The flowing is our little list of propositions (predicates):
- Tom loves Lucy
- Chris loves Lucy but Lucy hates Chris
- Lucy loves either Tom or Chris (Lucy must love
one, we know it for sure!)
So we want to parse our conclusion that Lucy loves Tom. And first we
need to quickly construct our little graphical presentation by parsing the
nodes… And the result is as follows:
Our dictionary of terms:
Tom T
Lucy L
Chris C
We need to draw a minimum set of disjoint graphs.
So in the graph, the strait blue pointers represent direct connection
of two nodes with action label. And the curved separator represents a OR
condition with labeled action. Up to here we do need some more details in our
dictionary – we probably need a thesaurus to tell us what words are similar or
opposite, so we can tell that “love” and “hate” are opposite each other. And our conclusive test sentence: Does Lucy
Love Tom? We draw the test pointer in yellow…
So we go from node ‘L’, and we see that ‘L’ can either ‘Love’ Tom or
‘Love’ Chris; and ‘L’ Hate Chris. But can the yellow pointer be legal?
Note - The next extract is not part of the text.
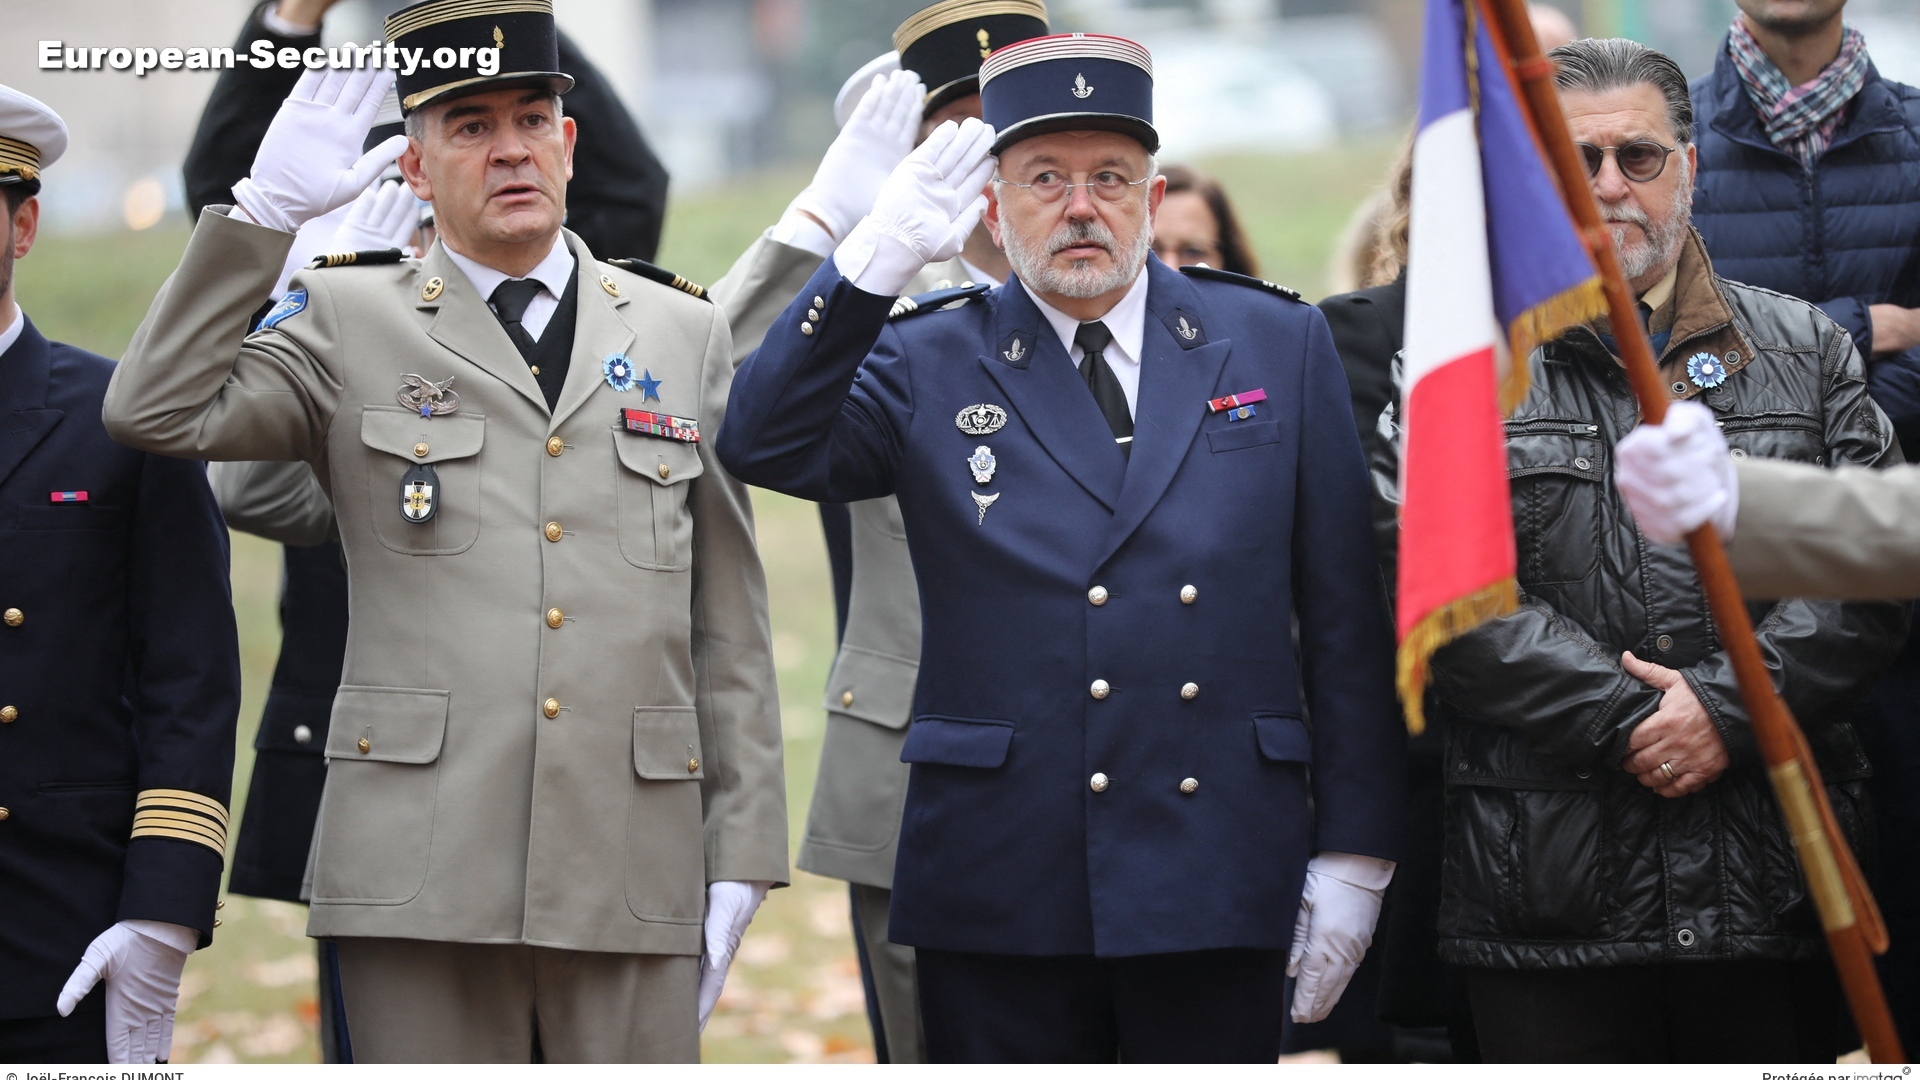 Les colonels Thierry Gauci (LH), Yvan Chazalvieil (Attaché douanier) et Raoul Emme (UFE) -- Photo © Joël-François Dumont. -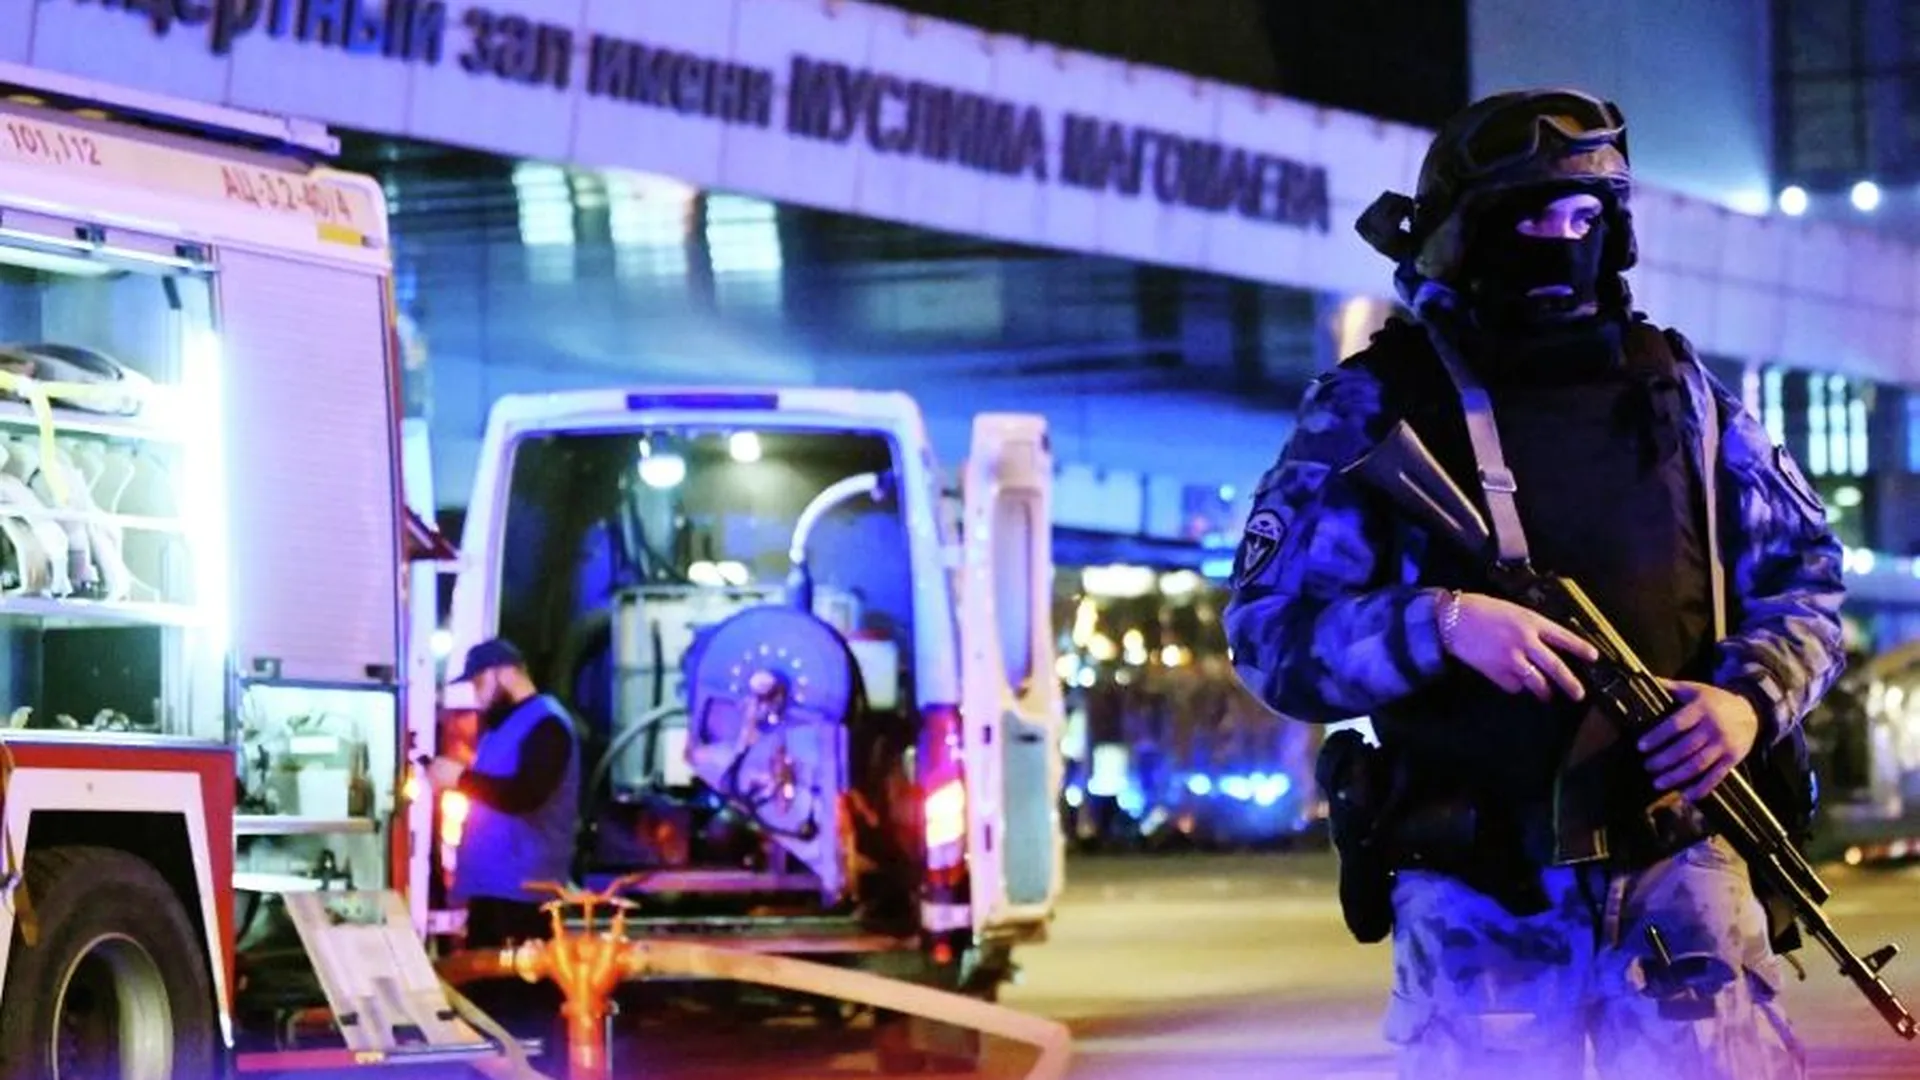 Baza: 18 человек погибли в результате теракта в Crocus City Hall

From
here we test all joint edges (or arcs) to see if they are legal. This should be
a O(n) algorithm since we test each edge only once. But if we are to test Lucy Hates Tom –
presented in the red curved arrow, we shouldn’t be parsing all edges legally.
Because from here we will have these a contradiction: L (hate)-> T(e1); T
(love)-> L(e2); L either(love)->T or(love)->C(e3); (but e1 invalidates
L(hate)->C(e4). So this parse draws false conclusion for the test sentence.
And we also know by thesaurus and negation (PC) that Lucy Hates Tom is false
means Lucy Loves Tom is true. So both parses draw the same conclusion.
Using graphical presentation to solve logical reasoning may refer to
this method can be called a semantic network – because it solves with records
of knowledge.
In comparison of the two methods in the solving of simple logical
reasoning, we are comparing the compiling of objects in the parser project or
the depth, scope and simplicity of the semantic network. Both are competing methods
for the PC (predicate calculus). And both methodologies are important. Ina
regular scope, we definitely need a complete parser in future for the English
Language – which links dictionary, thesaurus, and translators will have a
universal impact. On the foundation of such, we explore the simplicity of the
semantic network so that extremely complicated reasoning can be construct and
evaluated in a compiling fashion that pushes AI reasoning simulation and AI
consultation schemes on the fly. As we build up our blocks of knowledge and
computation of the AI, we draw our attention onto the applications of which –
these conclusively are in the domain of semantic networks.